Furthermore, engine and oil pan configurations are known in which a top rim of the oil pan is sealed against the bottom of the crankcase, while an open end face of the oil pan is closed or sealed by the housing of an equipment mount or other engine component, which is sealed against the end face rim of the oil pan. Since the top sealing rim of the oil pan is substantially horizontal, while the end face sealing rim of the oil pan is substantially vertical, the two rims on the respective wall of the oil pan form a corner that must be sealed at the location where the top sealing rim and end face sealing rim meet each other. To provide the necessary seal along the top rim facing the crankcase and along the end face rim, which extends substantially orthogonally to the top rim, a seal member is arranged in grooves, to run along the entire perimeter path of the oil pan rim.

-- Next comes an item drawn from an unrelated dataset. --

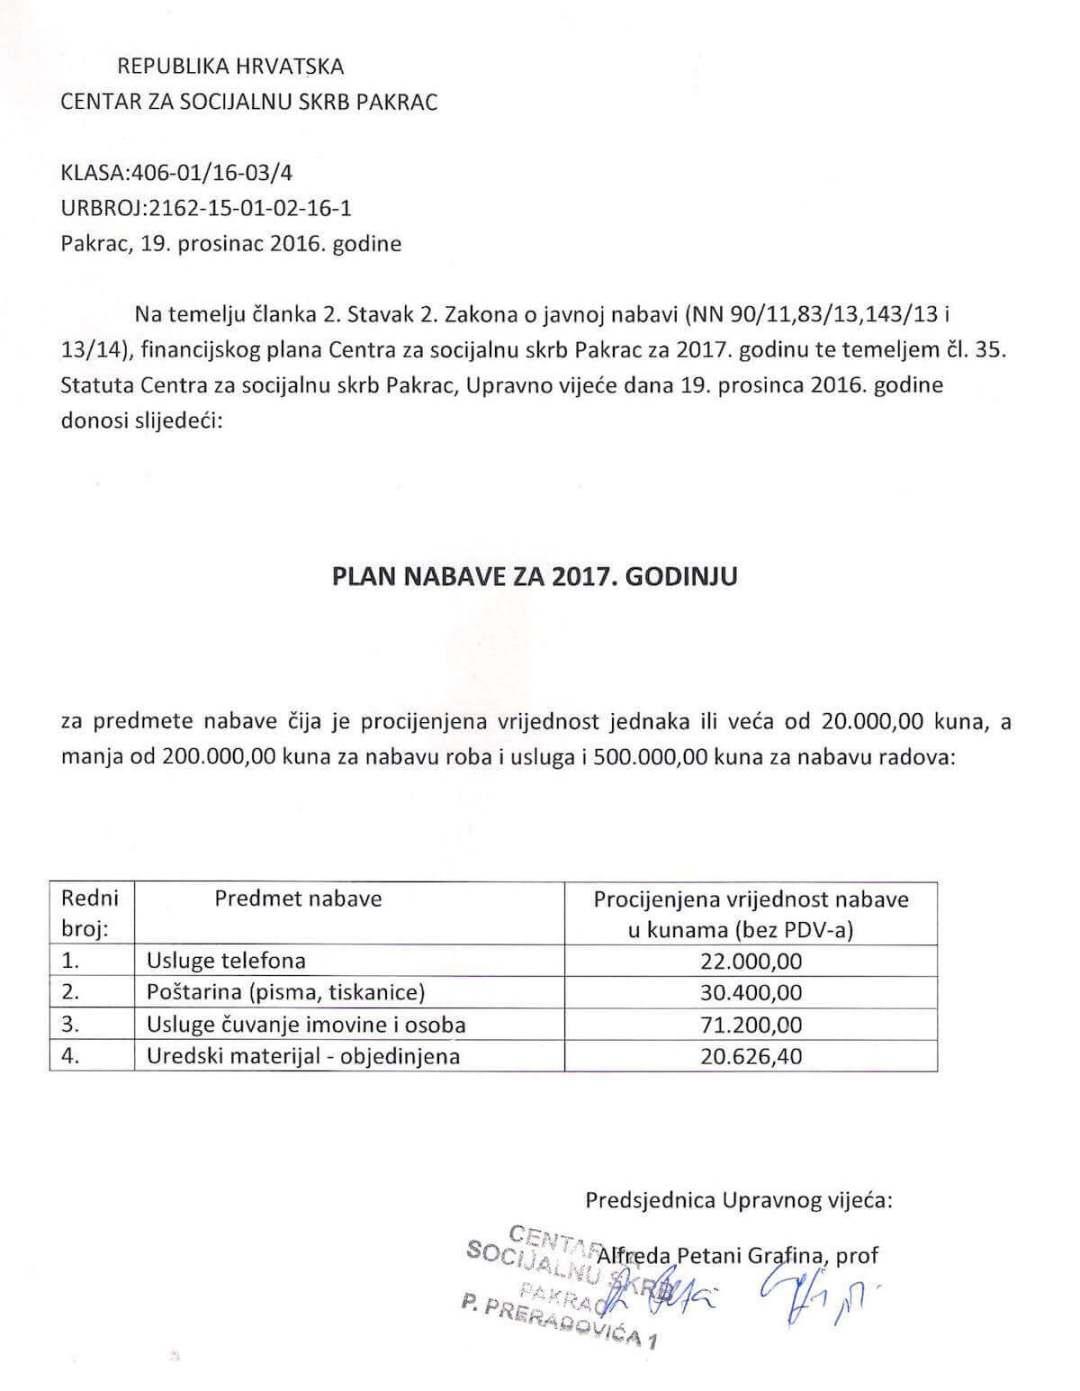 Plan nabave Centra za socijalnu skrb Pakrac za 2017. godinu

However, it is difficult to provide an effective seal directly at the corner in the known arrangement. An edge extending perpendicularly to the extension direction of the seal member is formed along the intersection of the two rim surfaces that meet each other substantially at a right angle as described above. The seal member, which lies in one plane as it runs over or around this intersection edge, cannot achieve a reliable seal, because it cannot be uniformly and tightly pressed by and against the corresponding sealing surfaces of the components in this area due to the bending or turning of the seal. Namely, if the seal member turns around the corner in the groove in one plane, then there is no counter-surface for the seal member to be pressed against immediately at the corner, and the seal in this corner region will be subjected to pressing forces along its lengthwise extension direction (i.e. the direction of the groove). Since the seal is not properly pressed against a counter-surface, and instead is pressed or pushed along the groove, a proper seal compression cannot be achieved and the resulting seal will tend to leak directly at the corner.